Friendship
A guest post by Jeff McNair
We are so excited to welcome Dr McNair to our YL Capernaum Pre-conference at YL75
You can also follow Jeff at his blog Disabled Christianity
I recently had a conversation with some of my university
students about friendship. I asked one of them, "What is the name of
your best friend?"
She responded, "Sandy."
"What do you and Sandy like to do
together?"
"I
don’t know. We like to watch movies, or get coffee. We generally
just hang out."
“Cool!” I replied.
I then asked them all, "Why do you think someone would
choose to develop a friendship with a person having a severe intellectual
disability?"
Responses related as to how much one could learn from such
people, how much they have to give, how their lives impact those around them
and so forth.
I then wondered aloud. "Why
must a friendship with a person with a severe disability have a utilitarian
component when your friendship with your other friends is just based upon being
together drinking coffee or watching movies?"
I admit I didn't plan on the discussion, it kind of just
happened. As I thought out loud, I
recognized that the criteria for friendship, for some reason, seems to be
different for friends if they have a disability. It was like the same
criteria would not work for a person with a severe disability as works for
someone without that characteristic. It seems I believe a lie that in
order for me to have a friendship with a person with a severe disability, I
must identify something that he or she has to give to me (utilitarianism) as a
reason for the friendship. Perhaps I have come to think that people with
particular characteristics have nothing to offer me, so I have to find
something that they may have to offer in order to justify friendship.

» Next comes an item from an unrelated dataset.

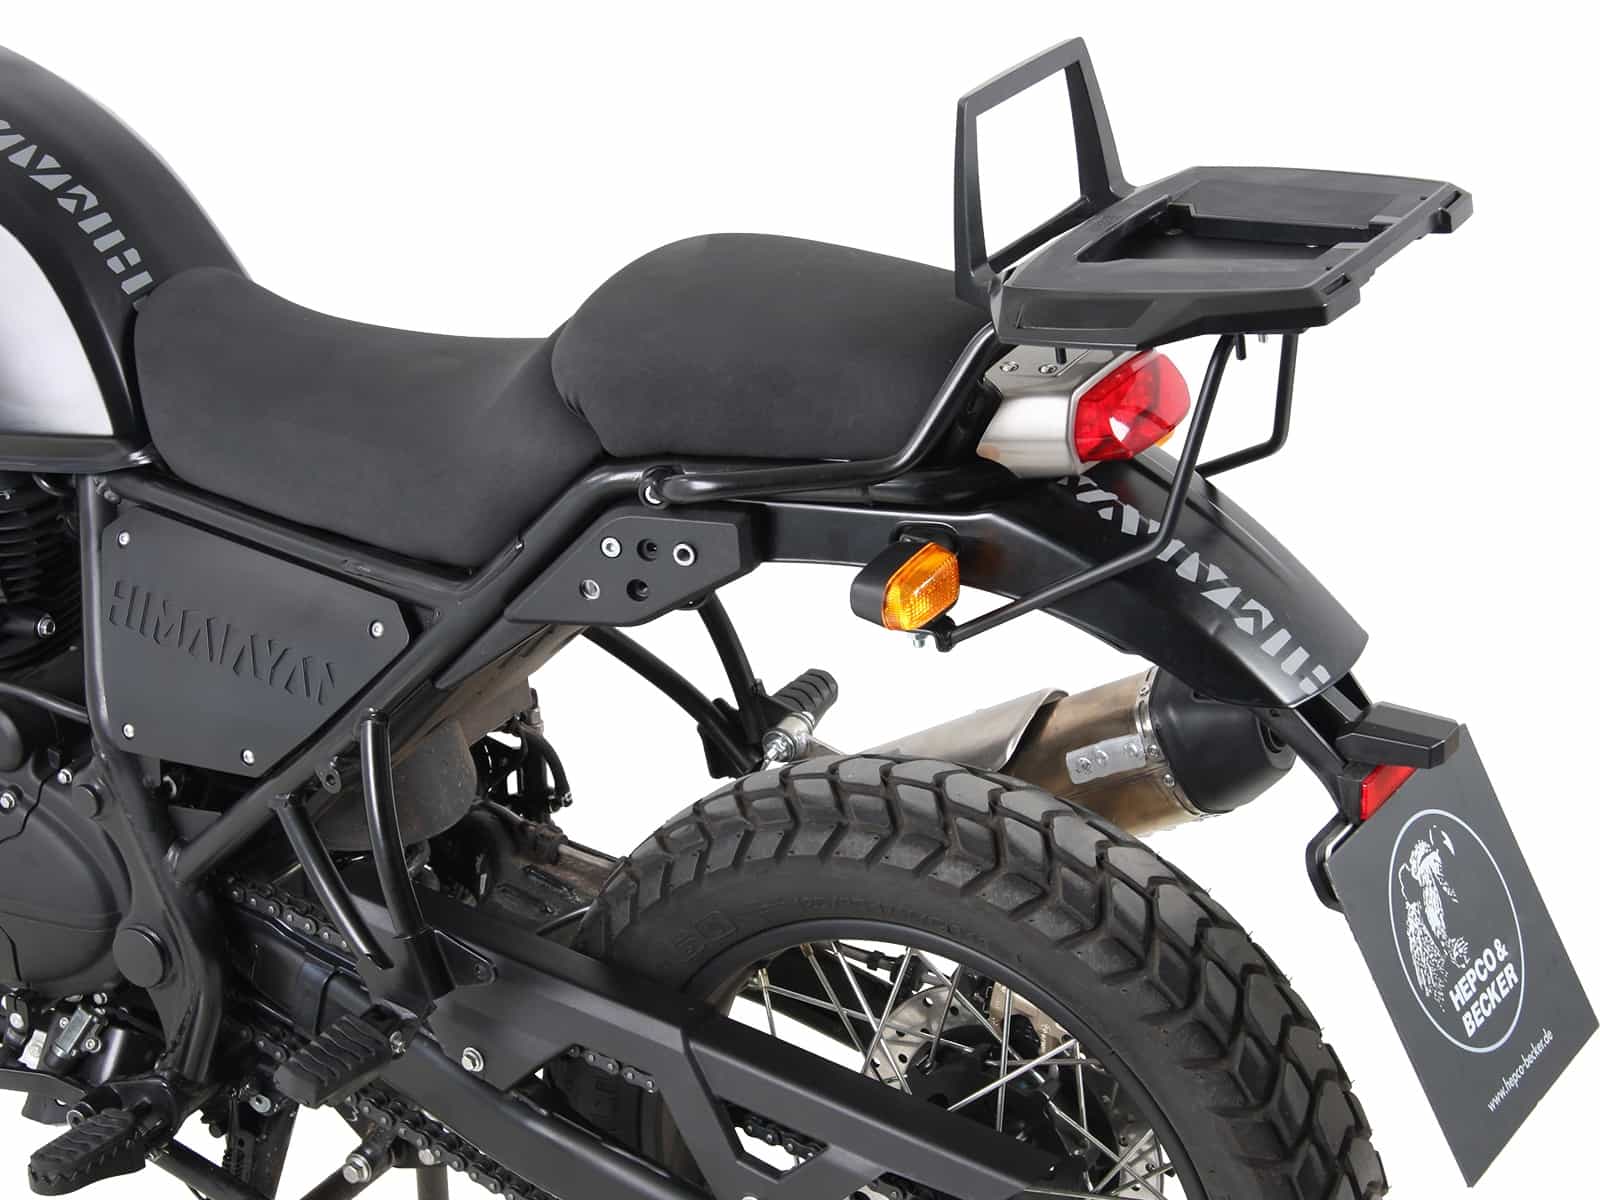 Alurack top case carrier black for combination with original rear rack for Royal Enfield Himalayan (2018-2020)

I then thought of my own friends. Doug is a neighbor who will
just stop by my house unannounced. For some reason, I never expect him to
show up. He drives up on his 4 wheeler (I live in the country), comes in, and we
have a cup of coffee or dinner. We talk about what he is doing or what I
am doing or maybe just sit and watch whatever Kathi and I happen to have on TV.
I love it when Doug stops by unannounced. I am not his friend because of
how much I can learn from him, or how much he has to give, or how his life
impacts those around him. We just enjoy hanging out together.
One of my best friends was a man with severe intellectual
disabilities. I started visiting his group home because I wanted to do
something nice for the men who lived there. I would go by with a bottle
of soda and something to munch on and hang out for an hour. Increasingly
I found that Thom and I connected. He liked me and I liked him. He
would tell me about his day program, how he wanted to marry his teacher, about
his brother in whom he was so proud and about the Angels, Dodgers or Lakers.
I would tell him about things I knew he would be interested in, like my horses
or that I had had a barbeque, or how he was my friend. He would often say
to me, "I am nice to you, Jeff." and he was! He passed away
about a year ago, and I’ve found that I don't have the same desire to visit the
group home as I did before. Why? Because my friend no longer lives
there! I like the other men and women who live there, but Thom was my
friend. He was my friend in the same way that Doug is my friend. Not
because of what he could do for me, but because we enjoyed hanging out
together.
Another friend of mine is Mark, also a man with disabilities.
We get lunch together and talk about whatever. He has Fridays off, so I plan to
run errands on Fridays. We ride around together, ultimately landing somewhere
for lunch. What do I expect when we are together? I expect we will laugh, we
will talk about some of the same things we always talk about, and we will enjoy
a burger together. He is just my friend, not my spiritual mentor or someone
leading me to a greater level of consciousness. But being my friend is what he
needs, and it’s what
I need, so the friendship works for us both.
No real friendship is truly utilitarian. If you are
looking for utilitarian relationships, you are probably not looking for
friendships. As you consider befriending those with the characteristic of
severe impairment, do not attempt to make the relationship anything different
than the relationship you have with other friends.